Once your portfolio is live on GitHub Pages, you can:
- ✅ Share it with potential employers
- ✅ Add the link to your CV/resume
- ✅ Include it on your LinkedIn profile
- ✅ Show it during job interviews
- ✅ Share with friends and classmates
**Your portfolio will be available at:**
```
https://your-username.github.io/repository-name/
```
---
## Prerequisites
Before enabling GitHub Pages:
- ✅ Create a GitHub repository with your portfolio by copying this repository
- ✅ Complete your portfolio (`index.html` and all assets)
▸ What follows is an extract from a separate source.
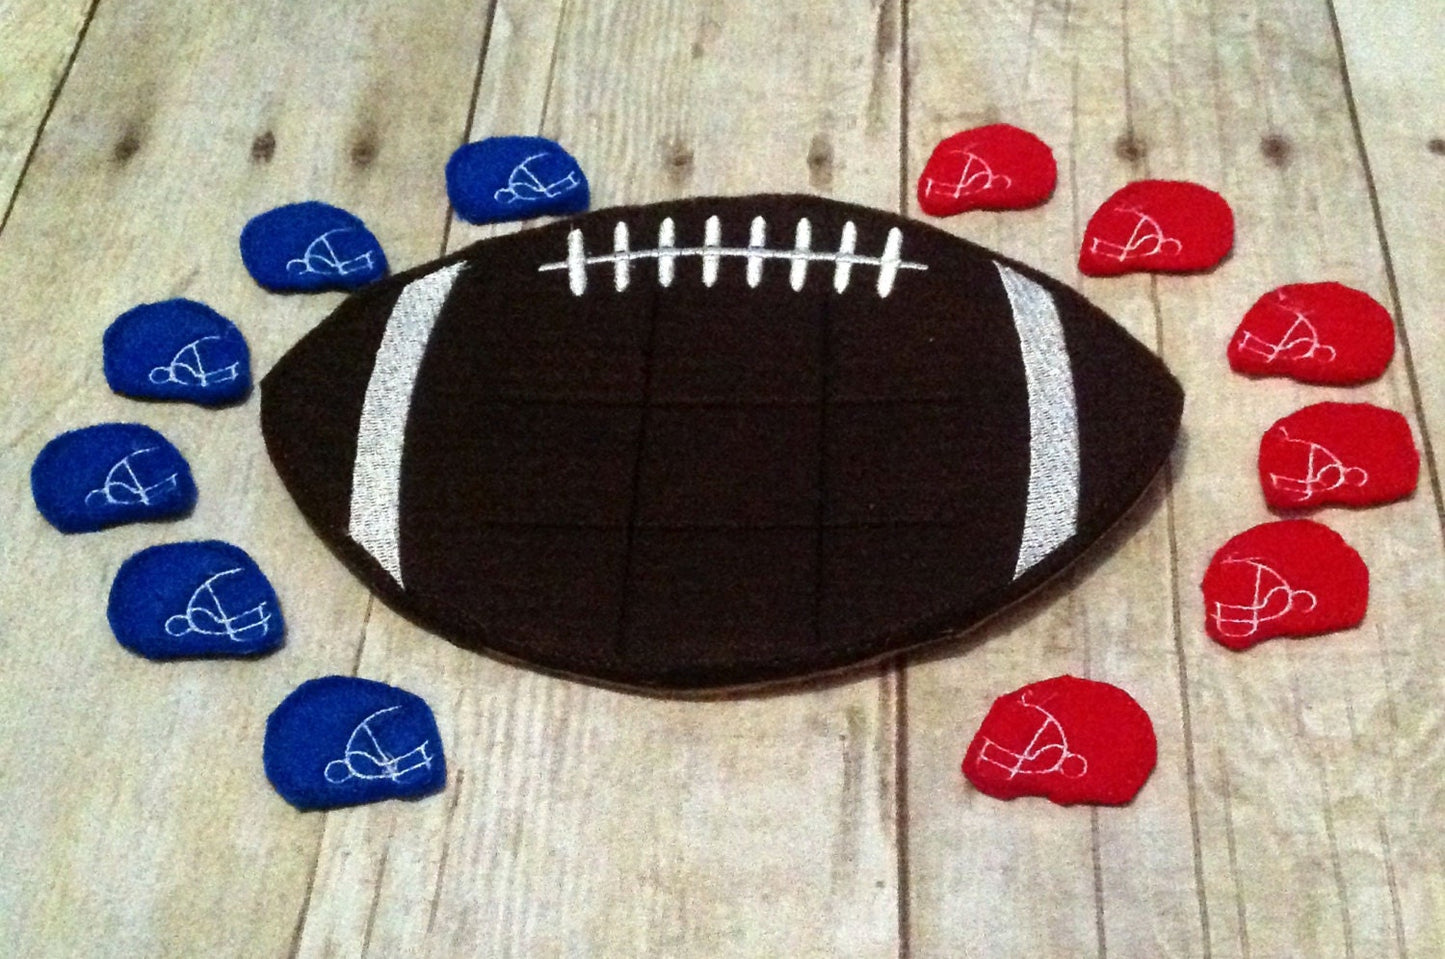 Are you ready for some football handcrafted football tic tac toe game for boys and girls. Can be used as a gift or party favor.

- ✅ Commit and push your changes to GitHub
- ✅ Your repository must be **Public** (required for free GitHub Pages)
---
## Enabling GitHub Pages
**Time needed:** 2-3 minutes
### Step 1: Go to Your Repository Settings
1. **Go to GitHub** and navigate to your forked repository:
```
https://github.com/your-username/repository-name
```
2. **Click** the "Settings" tab (top menu bar)
---
### Step 2: Configure GitHub Pages
1. **In the left sidebar**, click **"Pages"**
- Look under the "Code and automation" section
2. **Under "Source":**
- Select **"Deploy from a branch"**
3. **Under "Branch":**
- Select **`main`** from the dropdown
- Select **`/ (root)`** from the folder dropdown
4. **Click "Save"**
---
### Step 3: Wait for Deployment
1. **Wait 1-2 minutes** for GitHub to build and deploy your site
2. **Refresh the page**
3. You'll see a message at the top:
```
Your site is live at https://your-username.github.io/repository-name/
```
4. **Click the link** to view your live portfolio!
---
## That's It!
Your portfolio is now published online. Every time you push changes to GitHub, your site will automatically update in 1-2 minutes.
---
## Updating Your Published Portfolio
After you make changes locally:
1. **Commit your changes** in GitHub Desktop or via command line
2. **Push to GitHub**
3. **Wait 1-2 minutes** - GitHub Pages will automatically rebuild
4. **Refresh your portfolio URL** to see the updates
**No need to touch the Pages settings again!** It's all automatic after the initial setup.
---
## ❓ Questions?
If you're having trouble with GitHub Pages:
1. **Ask in course Slack channel** - classmates might have solved the same issue
2. **Contact instructor:** Oleh Omelchenko
---
## 📚 Additional Resources
- [GitHub Pages Documentation](https://docs.github.com/en/pages)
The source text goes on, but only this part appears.